Bush Helps Al Qaeda Spread In Africa
The folks in Northern Africa can send their thank you cards to George W. Bush for allowing Al Qaeda a new training ground in Iraq from which to send fresh recruits back to their countries.
Al-Qaeda has rapidly extended its influence across North Africa by aiding and organizing local groups that are demonstrating a renewed ability to launch terrorist attacks in the region, such as the triple suicide bombings that killed 33 people here last month, according to counterterrorism officials and analysts.
The bombers who struck the Government Palace and a police station in Algiers, the capital, are believed to have been local residents. But Algerian authorities are examining evidence that the bombers were siphoned from recruiting pipelines that have sent hundreds of North African fighters to Iraq and perhaps were trained by veterans of the Iraqi insurgency, U.S. and European intelligence officials said.
Thanks George W. Bush.
Hamida Ayachi, editor of the Algiers-based daily Djazair News, said organizational links between insurgents in Iraq and armed groups in North Africa have strengthened noticeably in the past year.
"Iraq became a big laboratory to train kamikazes and warriors," Ayachi, the author of a forthcoming book on extremist networks, said in an interview in Algiers. "They are trying to take young people from here to Iraq for training so they can use them later in North Africa.
George W. Bush: Al Qaeda enabler.
The April 11 attacks were carried out by the group al-Qaeda in the Islamic Maghreb, a local affiliate of Osama bin Laden's global network. Maghreb is an Arabic word for the region of North Africa stretching from Mauritania to Libya.
For most of its decade-long existence, the group had been an independent movement dedicated to overthrowing the Algerian government, with little interest in external affairs.
That began to change in 2003, however, as the Algerians saw potential benefits from an association with al-Qaeda and its declared holy war in Iraq.
Something that wouldn't have happened without George W. Bush's help.
Such alliances have become increasingly common among radical Islamic groups. Since the invasion of Iraq, local networks with "al-Qaeda" appended to their names have surfaced in at least 12 countries.
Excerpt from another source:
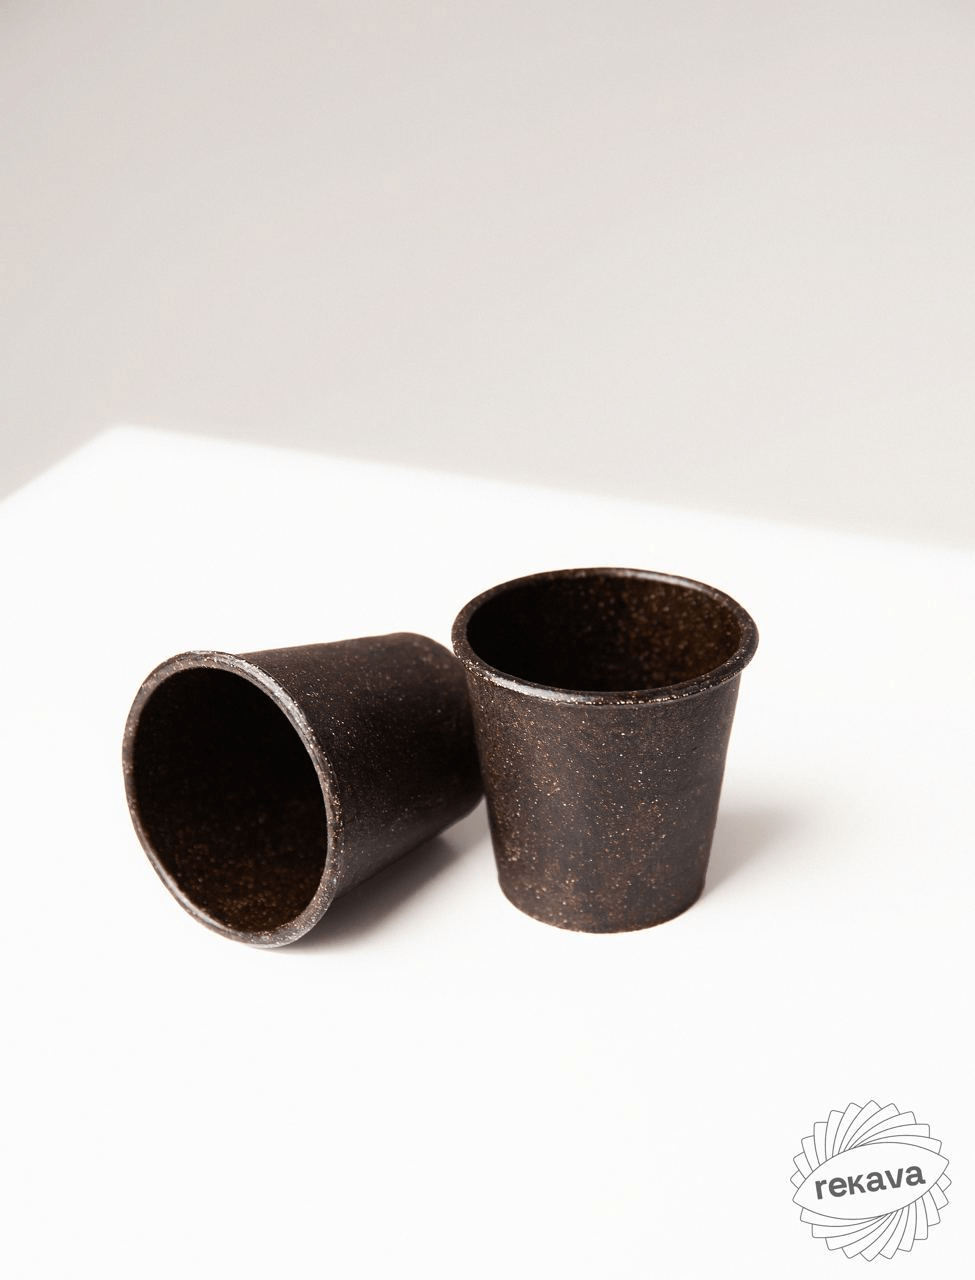 стаканчики з кавової гущі від бренду rekava

And none of this would have happened if George W. Bush hadn’t toppled Saddam Hussein. Ask yourself how different this situation would be if Bush had finished the job in Afghanistan first, instead of letting the Taliban rebound and improve. How different would this situation be if Bush hadn’t let Bin Laden escape at Tora Bora or Zarqawi escape several times? How different would things be if Bush had focused on containing Hussein while stomping out Al Qaeda cells throughout the region? How different would things be if Bush had simply listened to the warnings from his intelligence community about the aftermath in Iraq after we “liberated” them?